DIRECTIONS FOR THIS TASK:
The reply should hold every entry exactly as written and none of the pictures.

DATA RECORDS:
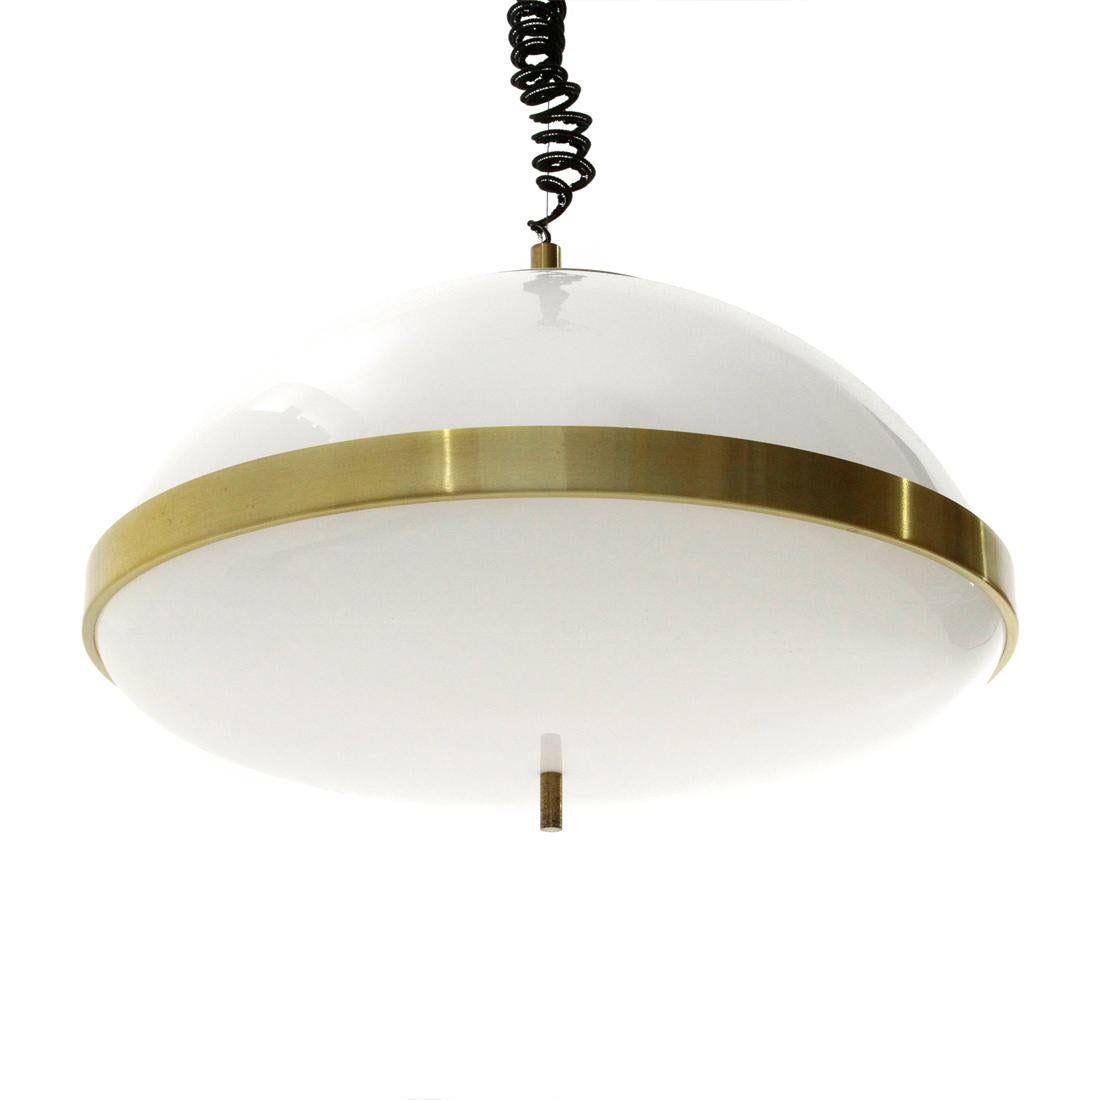 Italian-made chandelier produced in the 1970s.
Brass-plated aluminum ceiling rose.
Curved methacrylate diffuser and brass-plated aluminum.
Good general conditions, some signs due to normal use over time.

Dimensions: Diameter 50 cm - Height 145
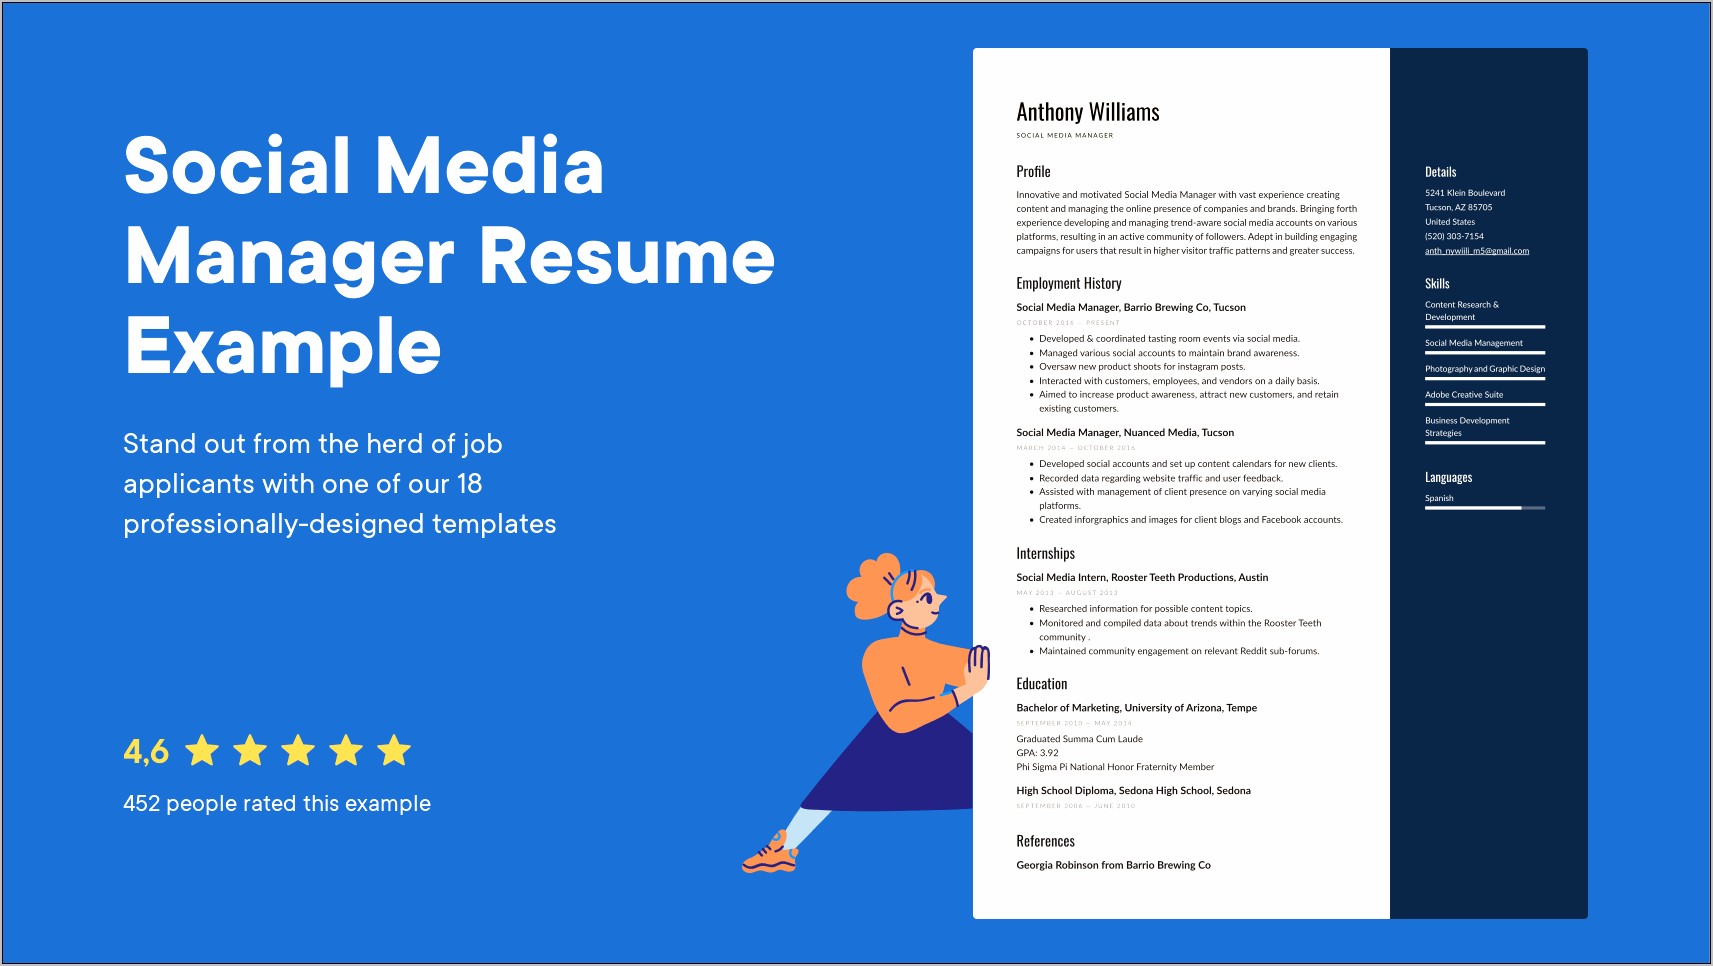 Describe Your Computer Skills Resume Soical Media Sample
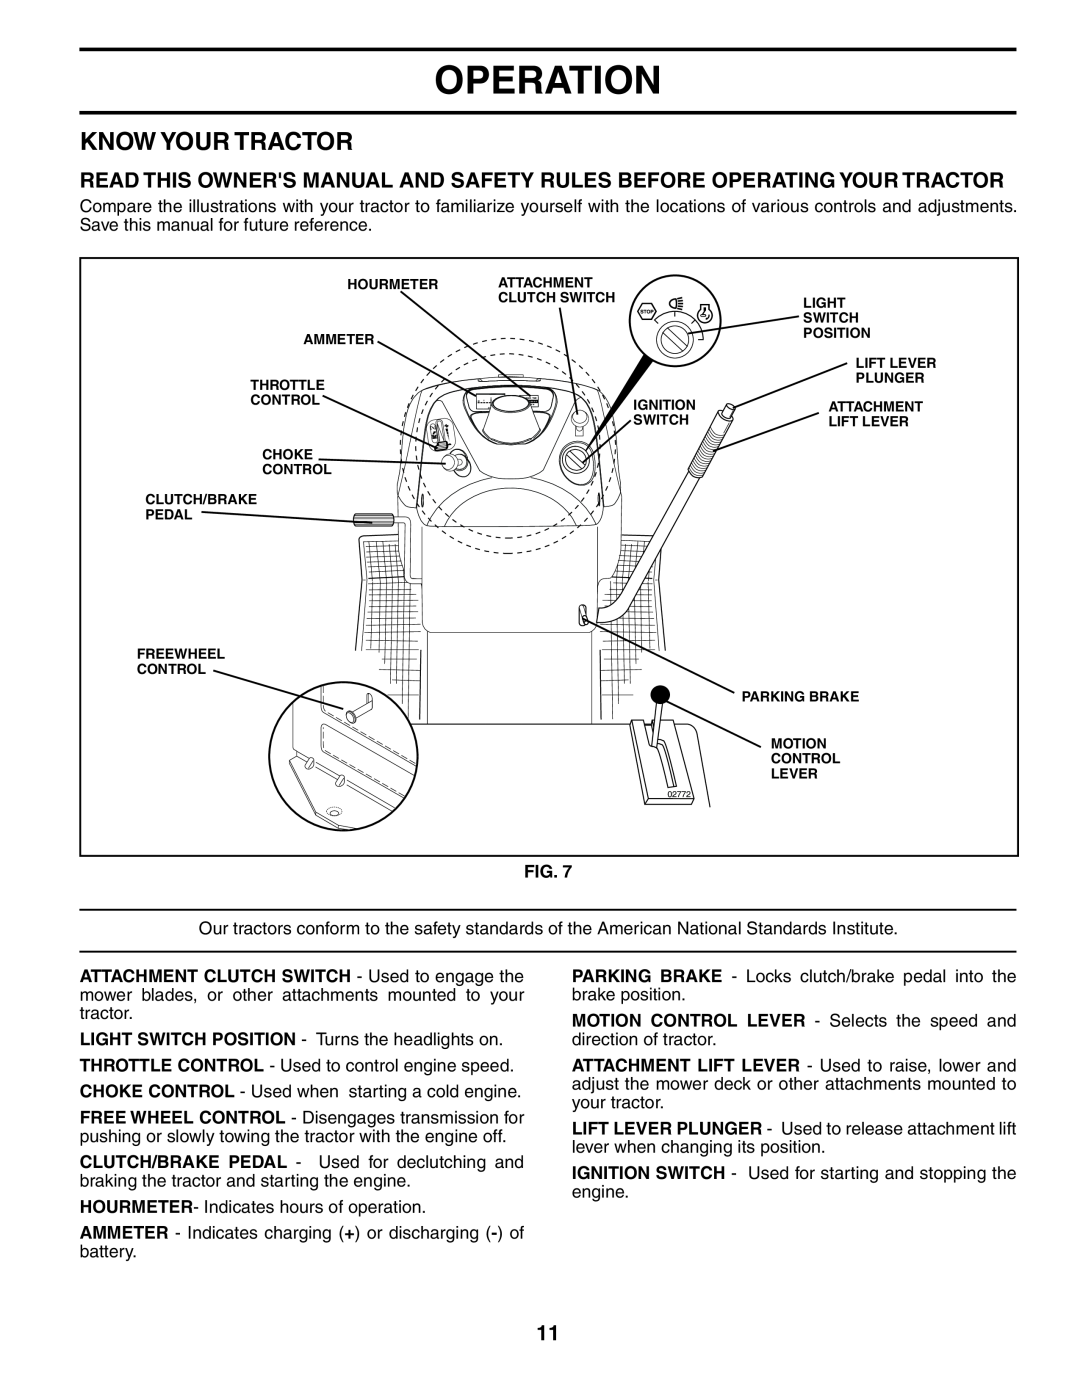 Husqvarna YTH2148 owner manual Know Your Tractor, Operation 
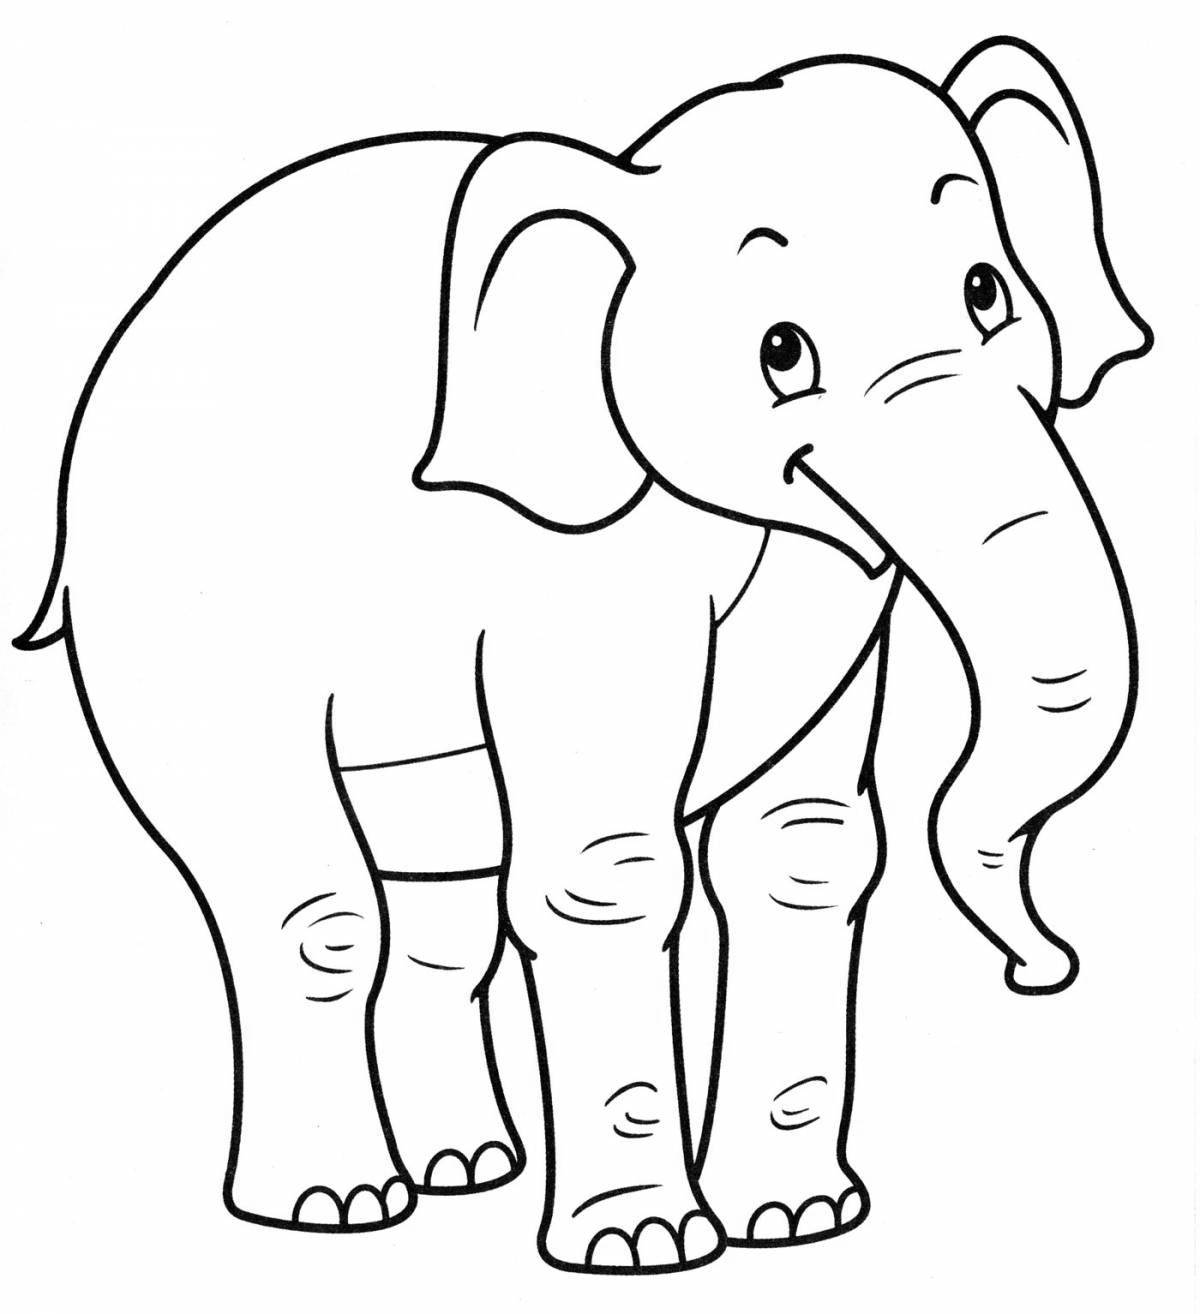 Great elephant coloring book

SOLUTION:
 Italian-made chandelier produced in the 1970s.
Brass-plated aluminum ceiling rose.
Curved methacrylate diffuser and brass-plated aluminum.
Good general conditions, some signs due to normal use over time.

Dimensions: Diameter 50 cm - Height 145
 Describe Your Computer Skills Resume Soical Media Sample
 Husqvarna YTH2148 owner manual Know Your Tractor, Operation 
 Great elephant coloring book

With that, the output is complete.